Supplied data:
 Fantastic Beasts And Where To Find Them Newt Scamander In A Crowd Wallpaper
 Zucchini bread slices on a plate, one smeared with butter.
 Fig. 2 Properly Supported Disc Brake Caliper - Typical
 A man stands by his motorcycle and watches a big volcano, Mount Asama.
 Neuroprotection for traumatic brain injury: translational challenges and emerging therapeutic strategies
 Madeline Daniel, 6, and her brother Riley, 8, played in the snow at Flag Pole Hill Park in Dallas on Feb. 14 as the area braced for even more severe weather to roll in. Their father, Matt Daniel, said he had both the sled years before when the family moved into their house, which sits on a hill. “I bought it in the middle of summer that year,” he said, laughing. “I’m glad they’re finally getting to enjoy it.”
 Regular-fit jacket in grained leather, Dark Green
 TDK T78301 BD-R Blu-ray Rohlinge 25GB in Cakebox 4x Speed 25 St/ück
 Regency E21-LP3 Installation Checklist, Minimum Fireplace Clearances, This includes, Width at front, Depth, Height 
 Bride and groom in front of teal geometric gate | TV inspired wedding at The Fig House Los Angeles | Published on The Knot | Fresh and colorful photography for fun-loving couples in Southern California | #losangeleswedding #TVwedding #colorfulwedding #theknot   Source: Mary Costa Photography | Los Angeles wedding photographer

To do: Transcribe every record. Match each line exactly.

Answer below:
 Fantastic Beasts And Where To Find Them Newt Scamander In A Crowd Wallpaper
 Zucchini bread slices on a plate, one smeared with butter.
 Fig. 2 Properly Supported Disc Brake Caliper - Typical
 A man stands by his motorcycle and watches a big volcano, Mount Asama.
 Neuroprotection for traumatic brain injury: translational challenges and emerging therapeutic strategies
 Madeline Daniel, 6, and her brother Riley, 8, played in the snow at Flag Pole Hill Park in Dallas on Feb. 14 as the area braced for even more severe weather to roll in. Their father, Matt Daniel, said he had both the sled years before when the family moved into their house, which sits on a hill. “I bought it in the middle of summer that year,” he said, laughing. “I’m glad they’re finally getting to enjoy it.”
 Regular-fit jacket in grained leather, Dark Green
 TDK T78301 BD-R Blu-ray Rohlinge 25GB in Cakebox 4x Speed 25 St/ück
 Regency E21-LP3 Installation Checklist, Minimum Fireplace Clearances, This includes, Width at front, Depth, Height 
 Bride and groom in front of teal geometric gate | TV inspired wedding at The Fig House Los Angeles | Published on The Knot | Fresh and colorful photography for fun-loving couples in Southern California | #losangeleswedding #TVwedding #colorfulwedding #theknot   Source: Mary Costa Photography | Los Angeles wedding photographer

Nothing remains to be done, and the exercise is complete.